VP Procurement KKKS BP Berau Ltd James Tehubijuluw menyampaikan apresiasi atas dukungan DJKN terhadap formulir usulan pelepasan dan/atau penghapusan (FUPP) tahun 2019/2020 dan penghematan keuangan negara serta menyampaikan program FUPP tahun 2021/2022 sekaligus permohonan dukungan percepatan atas usulan FUPP.


James juga menjelaskan gambaran umum tentang Tangguh LNG yang dikelola BP Berau Ltd. Tangguh LNG terletak di Teluk Bintuni Papua Barat dengan kapasitas Produksi saat ini untuk Train-1 dan 2 sebesar 753.900 tons/thn dan estimasi Produksi proyek ekspansi Train-3 sebesar 377.000 tons/thn. Adapun wilayah kerja (WK) Tangguh LND meliputi WK Berau dengan luas 22.650 km2,  Muturi dengan luas 6.750 km2, dan WK Winagar dengan luas 304 km2.

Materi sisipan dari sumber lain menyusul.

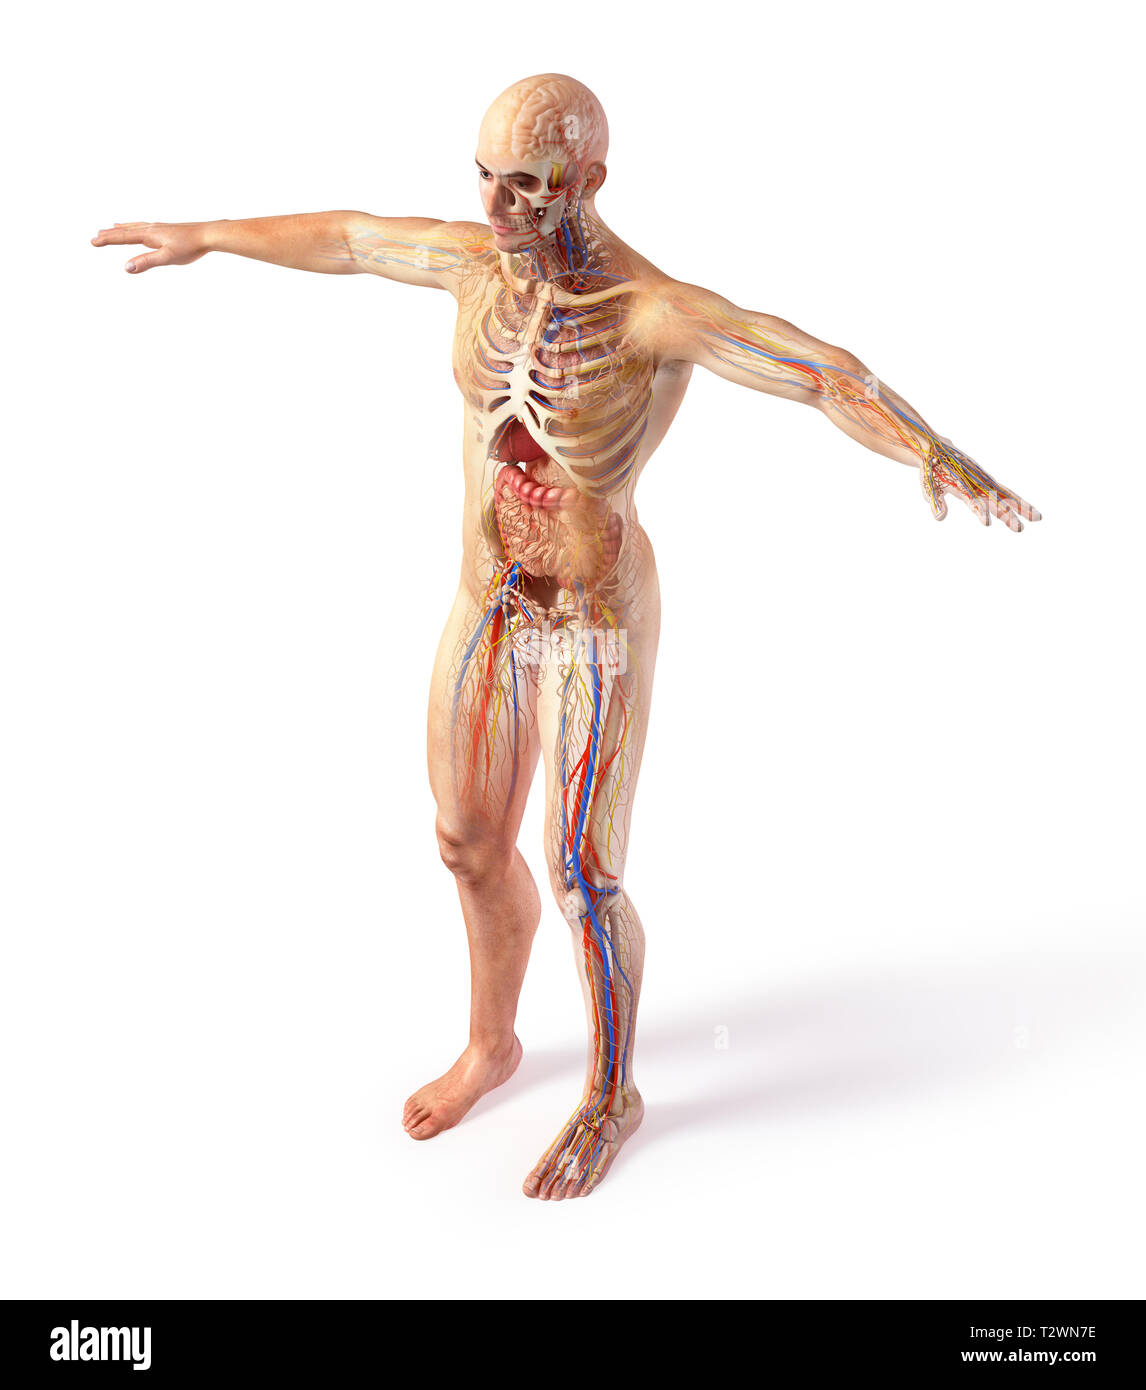 Man total anatomy systems diagram with ghost effect. Full figure standing on white background. Stock Photo

Ia juga menjelaskan pencapaian di Tahun 2019/2020 antara lain, terselenggaranya kegiatan Workshop (BP-SKK Migas-PPBMN-DJKN) pada Juli 2019, pengajuan FUPP untuk material pengeboran dan scraps, transfer Material kepada Cepu Edu Park senilai $4 million pada akhir tahun 2019 serta pelepasan sewa lahan seluas 8.500 m2 setelah dilakukannya pengangkatan Material senilai $11 million pada September 2020 yang menghasilkan penghematan biaya sewa lahan Rp2,8 miliar per tahun.


Terkait target Tahun 2021, ia juga menyampaikan juga proses dan progres (update) sampai dengan Agustus 2021 yaitu bahwa 72 persen dari FUPP, dengan total nilai perolehan lebih dari Rp95,5 miliar, telah diajukan proses permohonan Penilaian dalam rangka pemindahtanganan kepada KPKNL.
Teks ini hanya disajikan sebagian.